Amazon analyzes customers’ shopping patterns, competitors’ prices, profit margins, inventory, and a dizzying array of other factors every 10 minutes to choose new prices for its products. This way they can ensure their prices are always competitive and squeeze out ever more profit.

Connecting the online and offline

Online shopping keeps growing in popularity and fewer customers visit stores. Retailers are looking for ways to make the shopping experience exceptional in the real world too, and they’re doing that by connecting the online with offline. Retailers are often turning to artificial intelligence solutions to improve the in-store shopping experience. While collecting data on an e-commerce website is quite easy, data collection can be quite a challenge for a brick-and-mortar store. Companies such as Amazon, H&M, and Burberry combine online and offline data to provide exceptional shopping experiences for all customers.
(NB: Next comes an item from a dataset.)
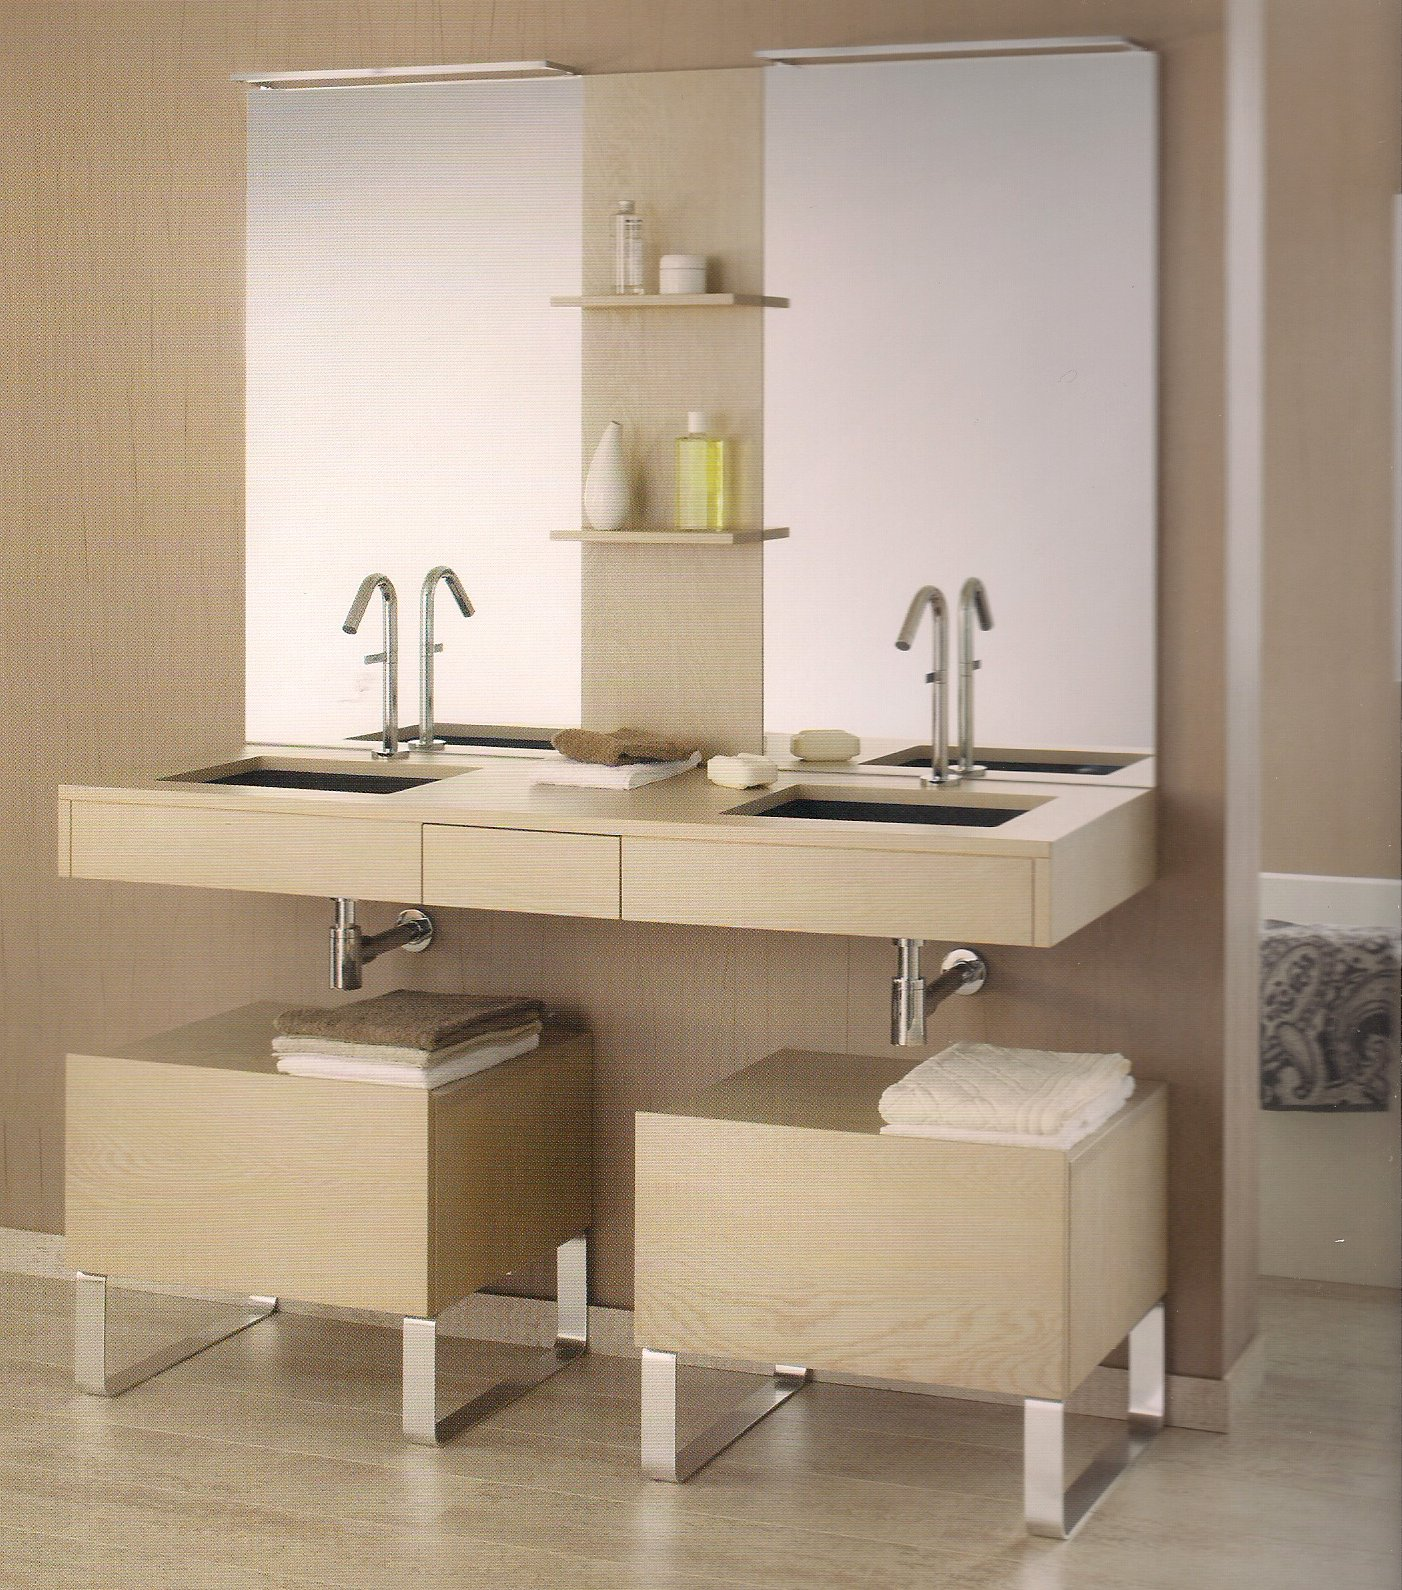 Aqualys burdin bossert prolians besancon: meuble salle de bains ...

So how exactly can you combine the online and offline worlds? Companies can encourage customers to share their data voluntarily through loyalty and reward programs. The data on purchase history helps provide relevant recommendations of products, both online and in store. In store, sales assistants can use data on the customers’ purchase history and social media activity to suggest certain products. For example, if the customer previously bought a coat, the assistant can offer a handbag to go with it – and it’s an informed suggestion based on what other customers buying the same coat chose, not just on the assistant’s gut feeling.

H&M has a recommendation system on their website and is now expanding that to the in-store experience: they’re introducing an RFID-powered “in-store mode” in the H&M app, which would allow the shoppers to explore products chosen for them in a given store.
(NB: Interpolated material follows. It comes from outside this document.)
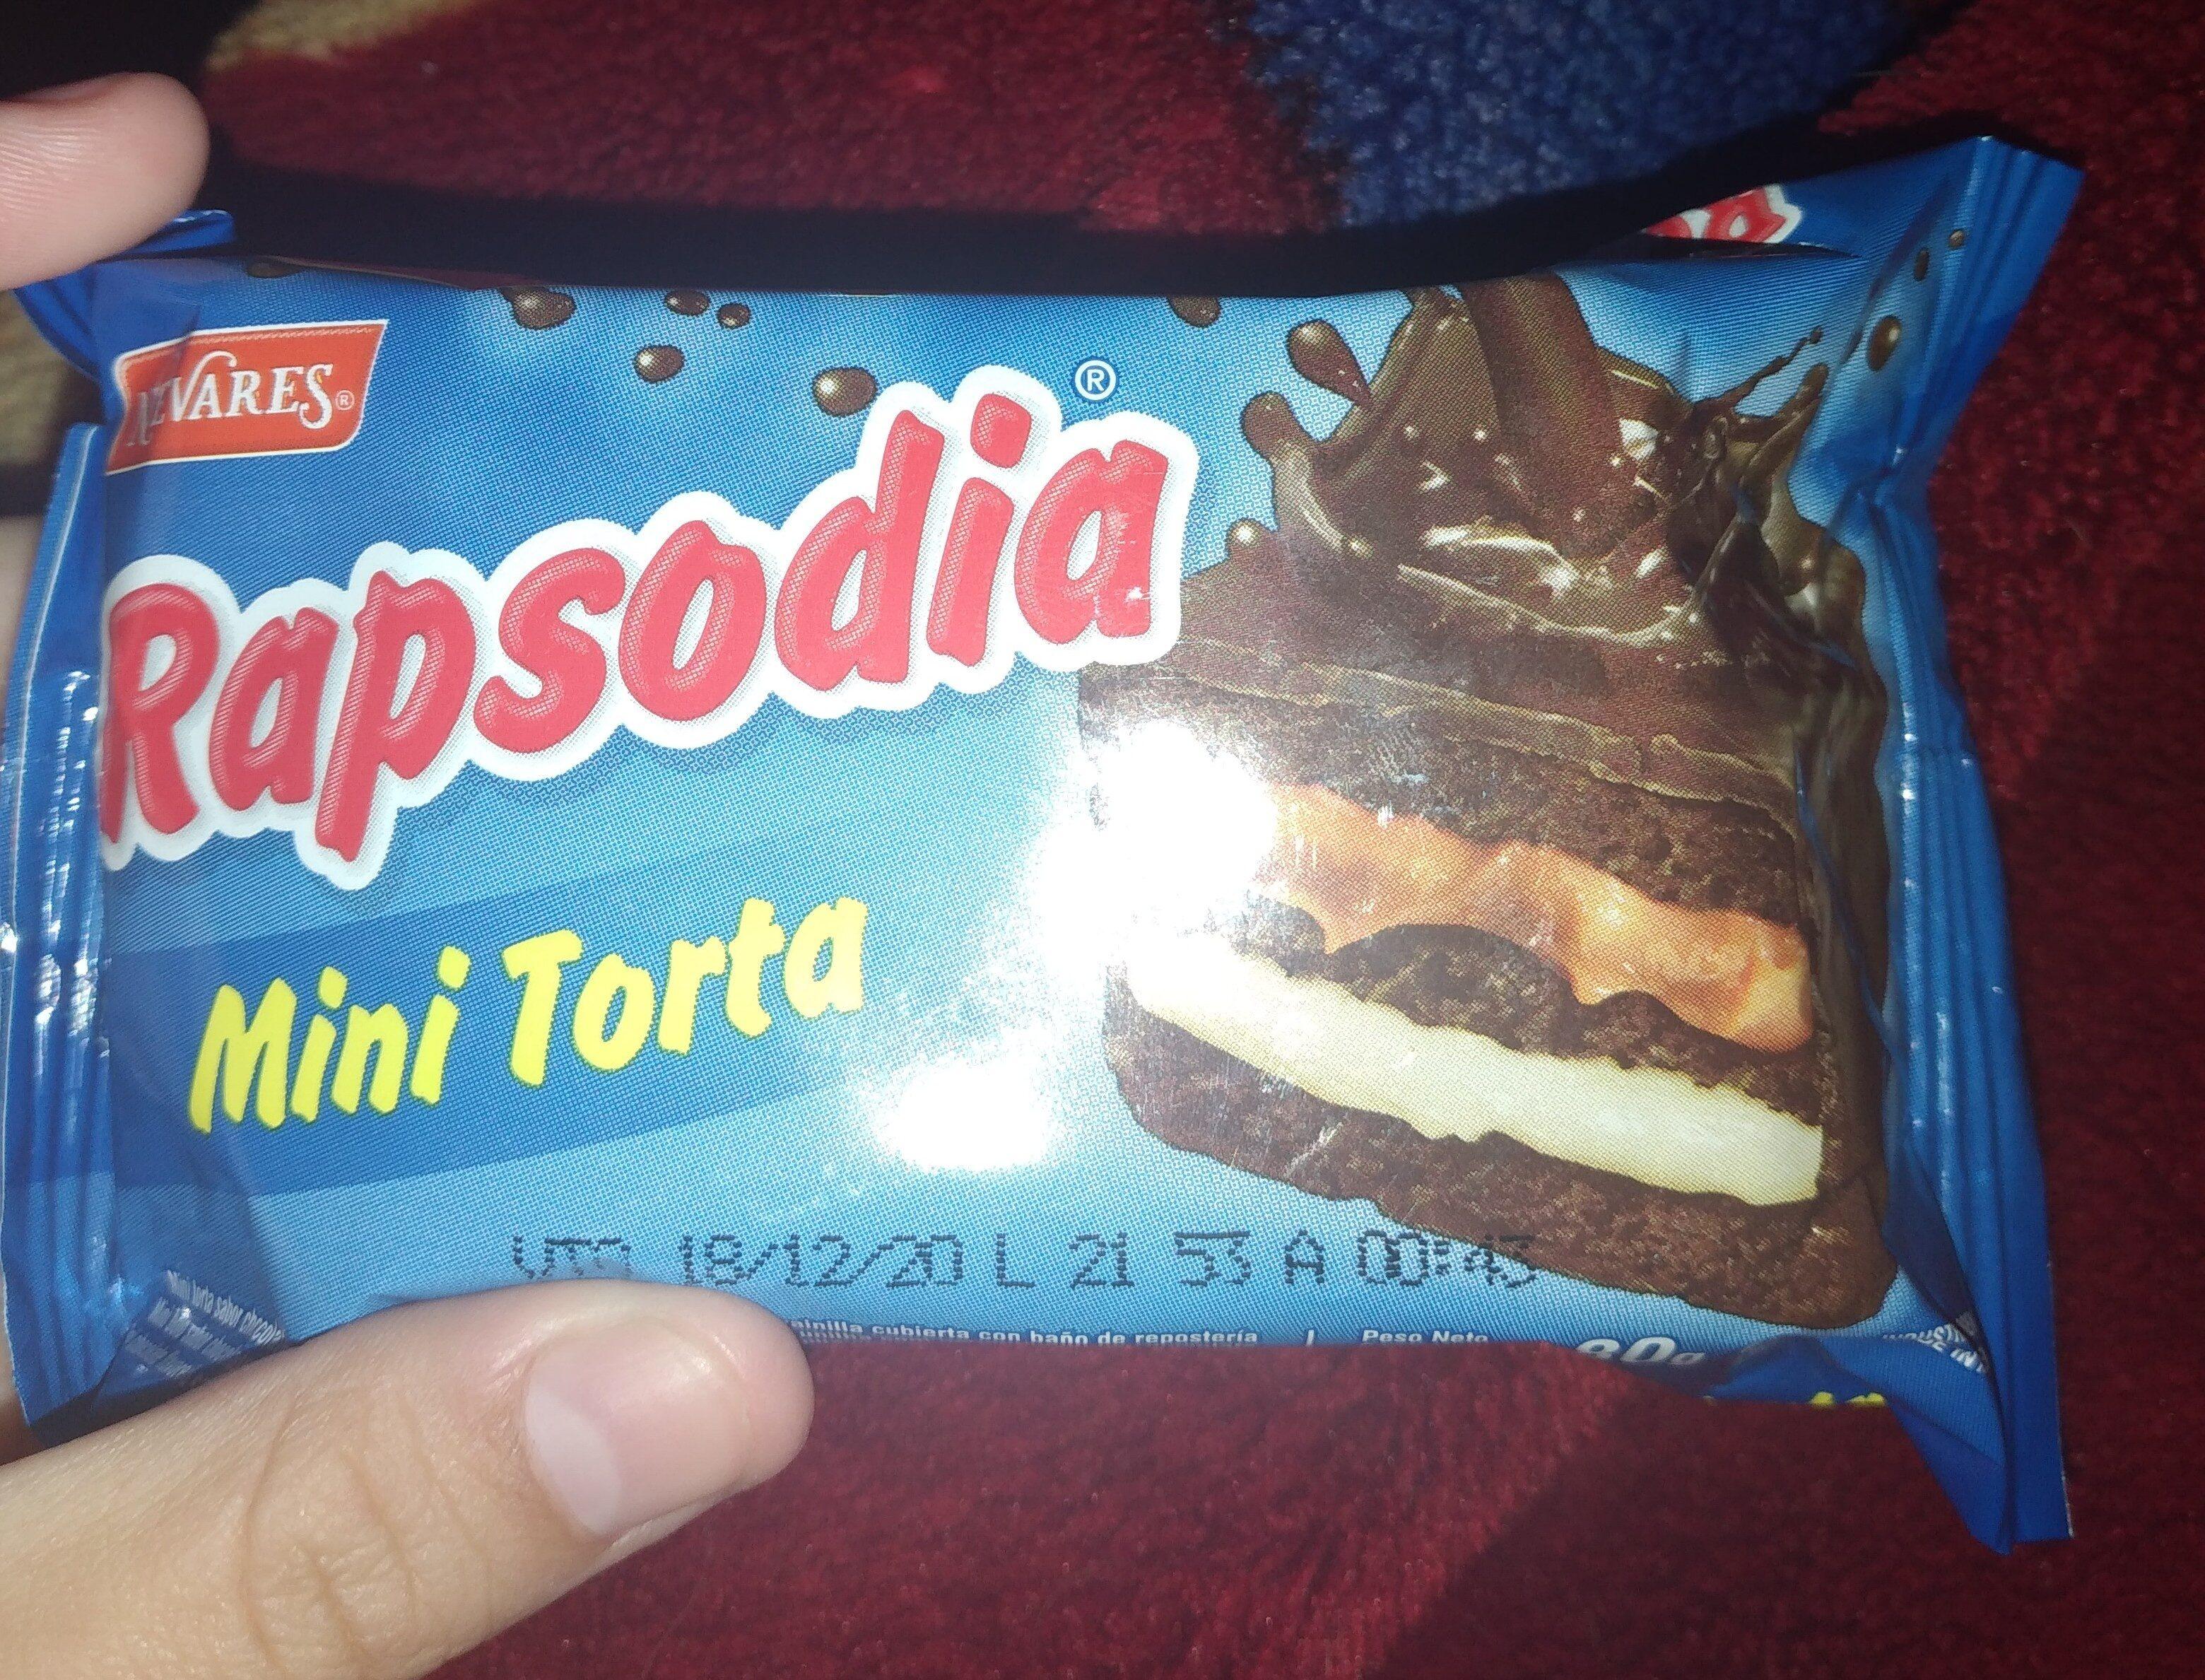 Minitorta Rapsodia - Ingrédients - es

Amazon Go convenience stores show how new technology can be integrated into retail space. It’s a checkout-free shopping solution where the customer uses the dedicated Amazon Go app to enter the store. Then all you have to do is grab the items you want to buy and go. No lines, no checkout. Every item you take from the shelf is automatically added to your virtual cart and payments are handled through the app. Amazon Go utilizes computer vision, sensor fusion, and deep learning algorithms to allow for this extremely convenient shopping experience.
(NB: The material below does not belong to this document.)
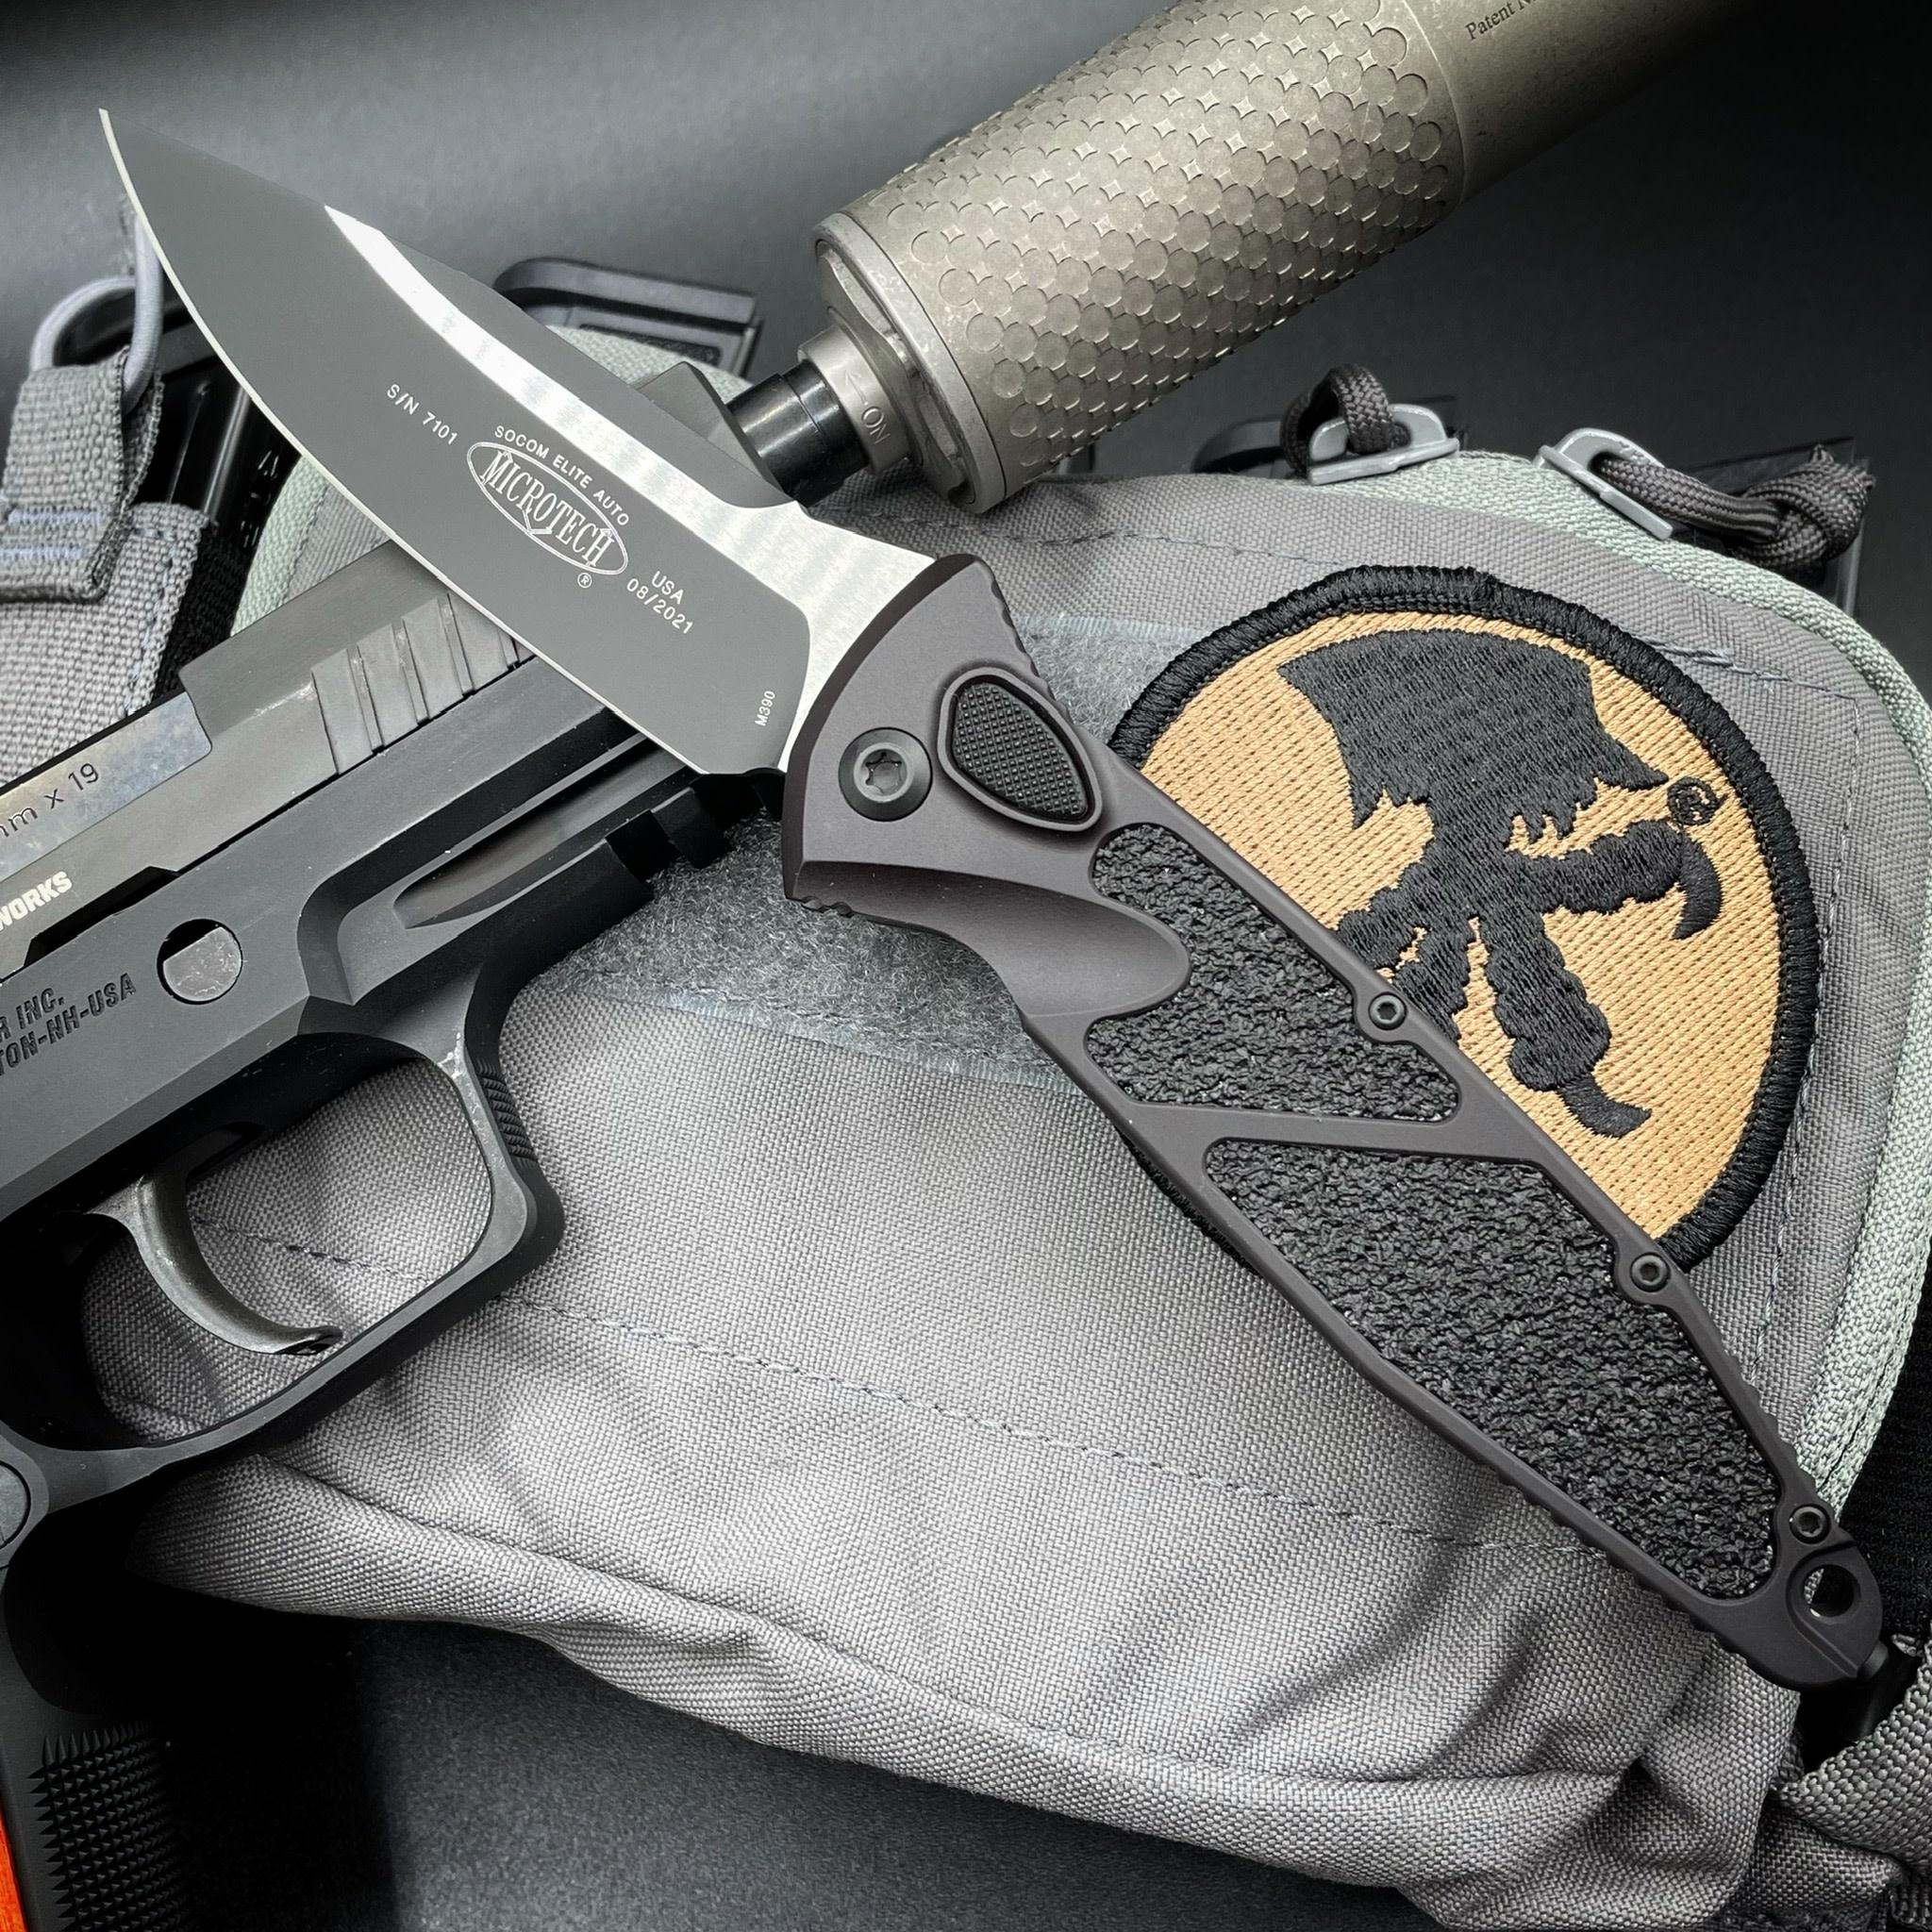 Microtech SOCOM ELITE Auto, tactical black, blade - single edge, black

Artificial intelligence in e-commerce: is it a necessity?

We’ve gone a long way without AI, so why would it be necessary now? There are numbers proving that AI-driven solutions help businesses increase sales, retain customers, boost customer satisfaction. Right now it’s still something relatively new but soon, you’ll be falling behind your competitors if you don’t use it. Why is artificial intelligence so good? Because it’s just brutally honest. It studies data and delivers results to show you actual numbers and facts about your company. And that’s exactly what business needs.